WHAT HAS NOT GONE RIGHT
The late 1980s were a good time for Europe: growth accelerated, unemployment fell, and dreams of European unity seemed within reach. A mood of almost giddy optimism -- Europhoria -- swept the continent. Even non-Europeans were caught up in the spirit. As late as 1992 the economist Lester Thurow's bestseller Head to Head proclaimed that "future historians will record that the 21st century belonged to the House of Europe."

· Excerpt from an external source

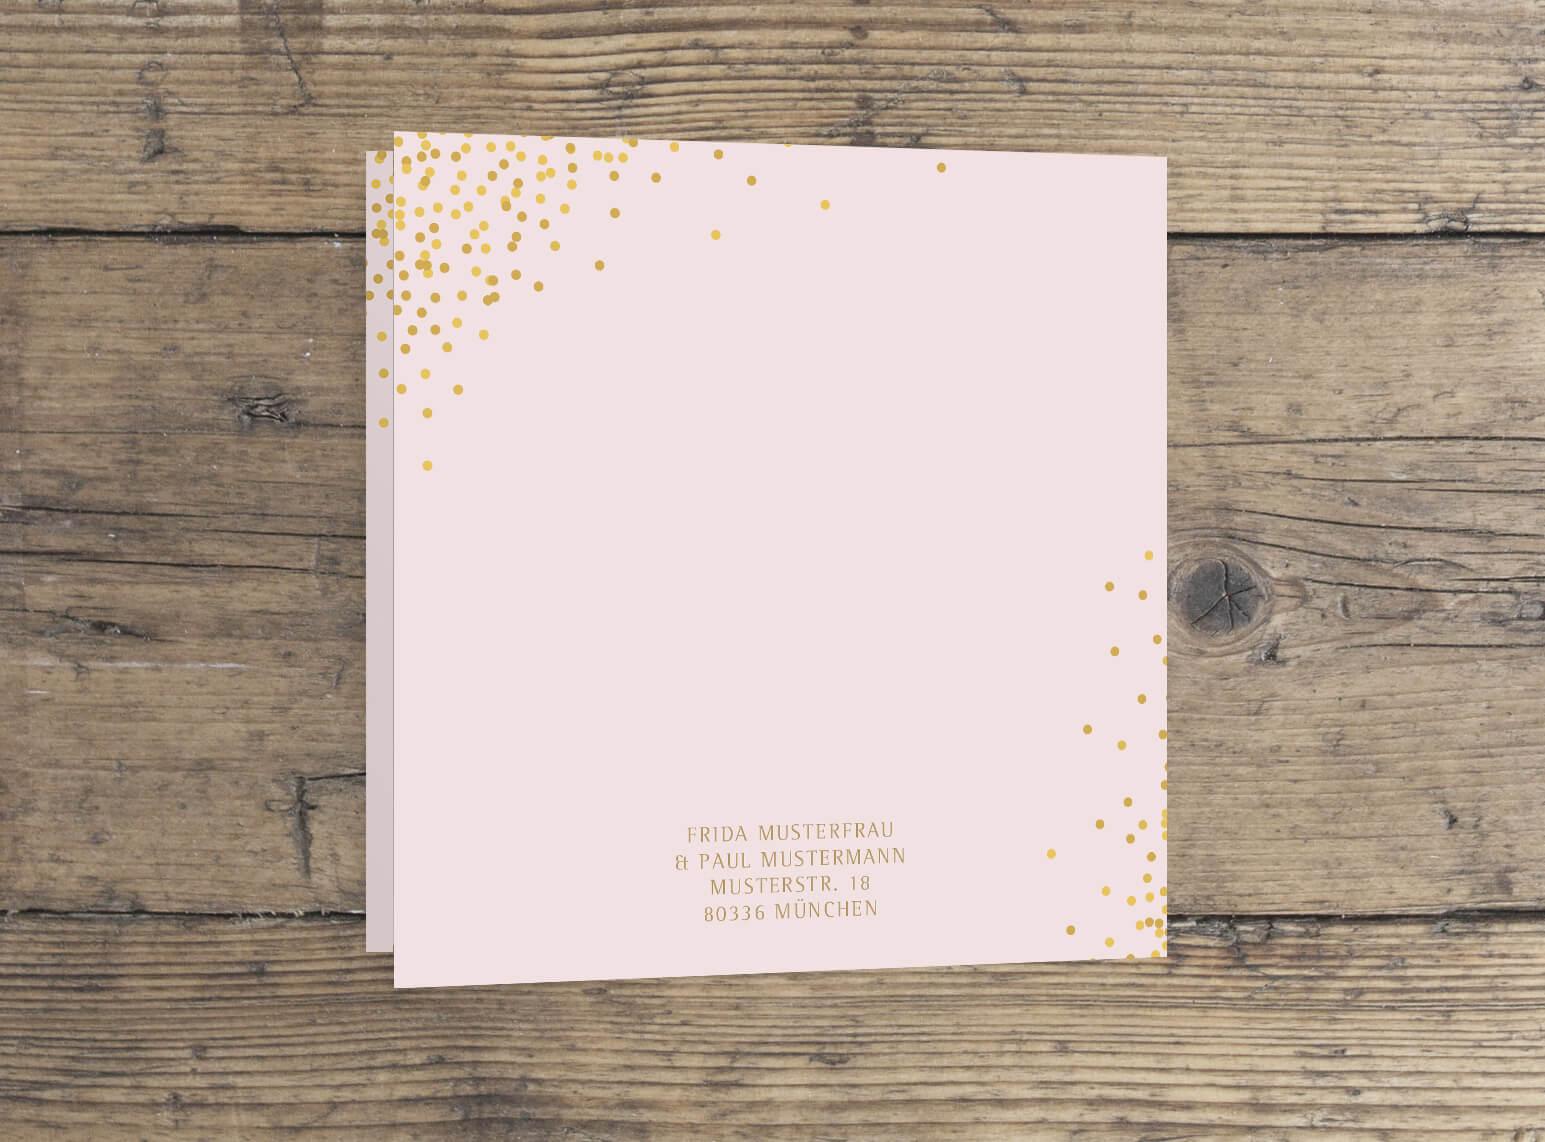 Klappkarte quadrat einladung hochzeit in rosa gold veredelt rückseite
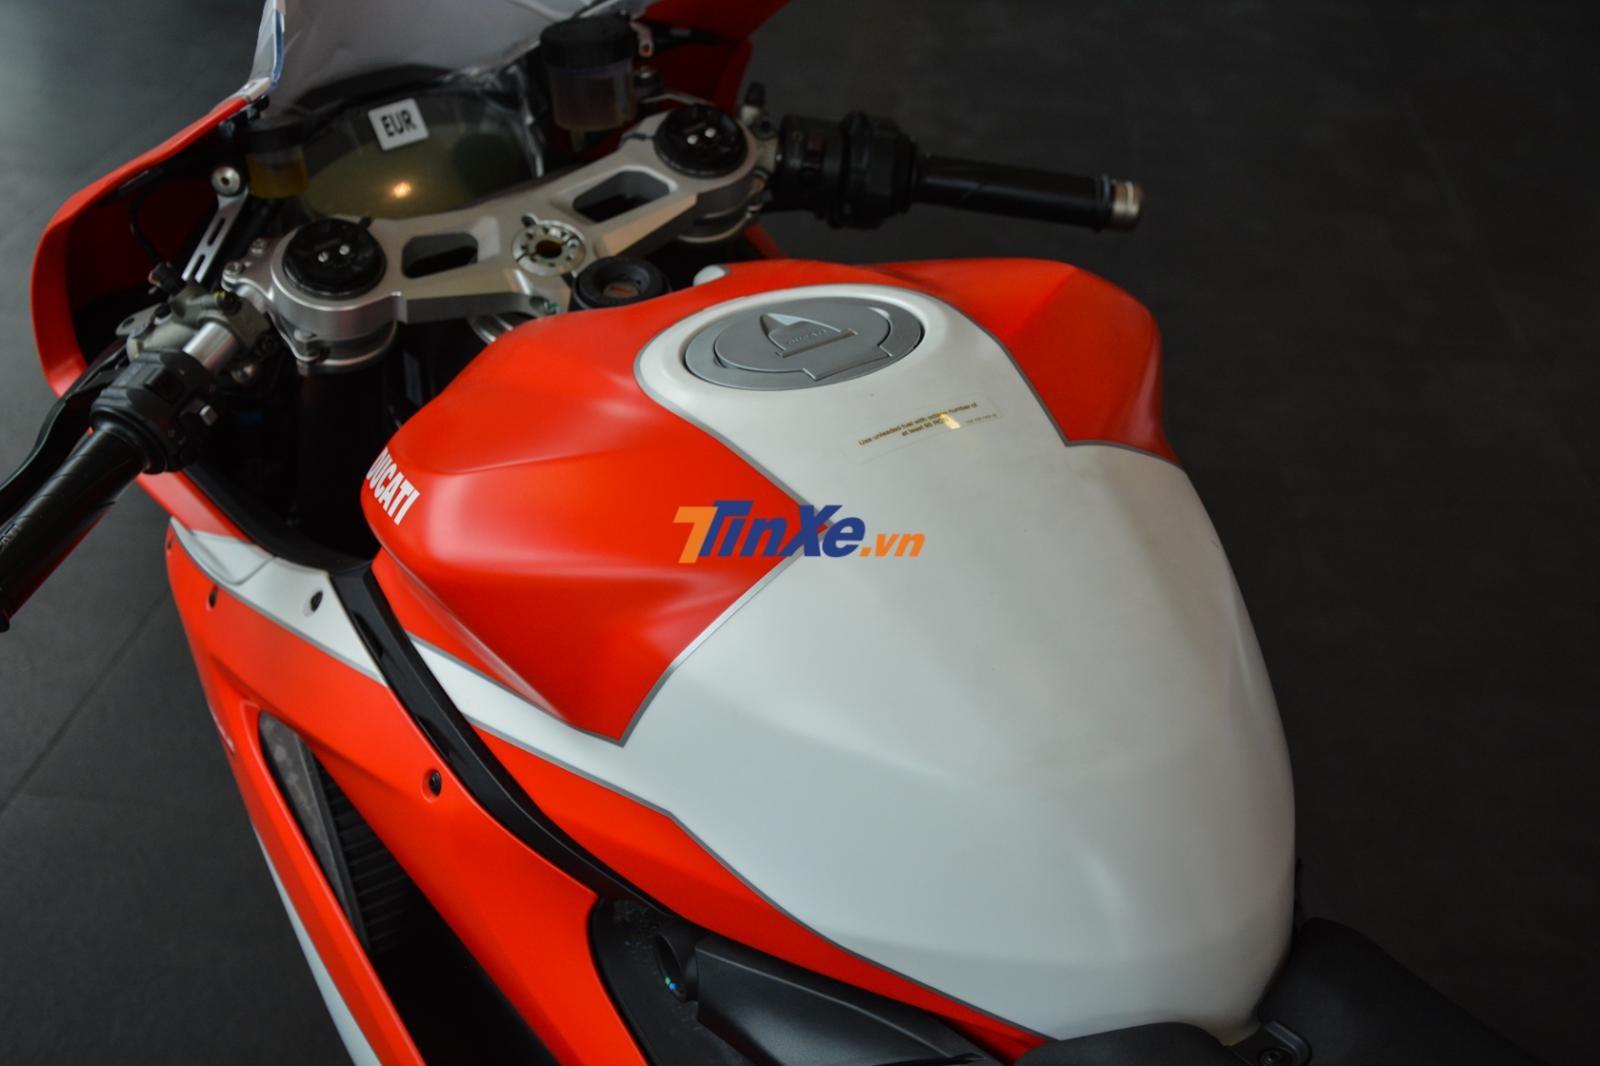 Bình xăng bằng nhôm trên Ducati 959 Panigale Corse cũng được sơn hai màu nhám là đỏ và trắng

So in 1987, when the Brookings Institution published a collection of papers entitled Barriers to European Growth: A Transatlantic View, which focused on the syndrome of slowing growth and rising unemployment that had become evident over the previous 15 or so years, many European commentators dismissed the volume as a case of fighting the last war. Europe, they insisted, was on the move; energized by the transition to a single market, it had entered a period of renewed growth and technological vigor.
In retrospect, European elation was, to say the least, premature. The structural problems that underlay Eurosclerosis had not been resolved; they had merely been masked by an upswing in the business cycle. When the next recession arrived -- and there is always a next recession -- it raised unemployment rates not merely to their previous peaks but, in most of Europe, to levels not seen since the 1930s. All in all, it was an object lesson in the difference between cycle and trend: one swallow does not make a spring, and a few good years of growth do not necessarily signal a turnaround in economic fundamentals.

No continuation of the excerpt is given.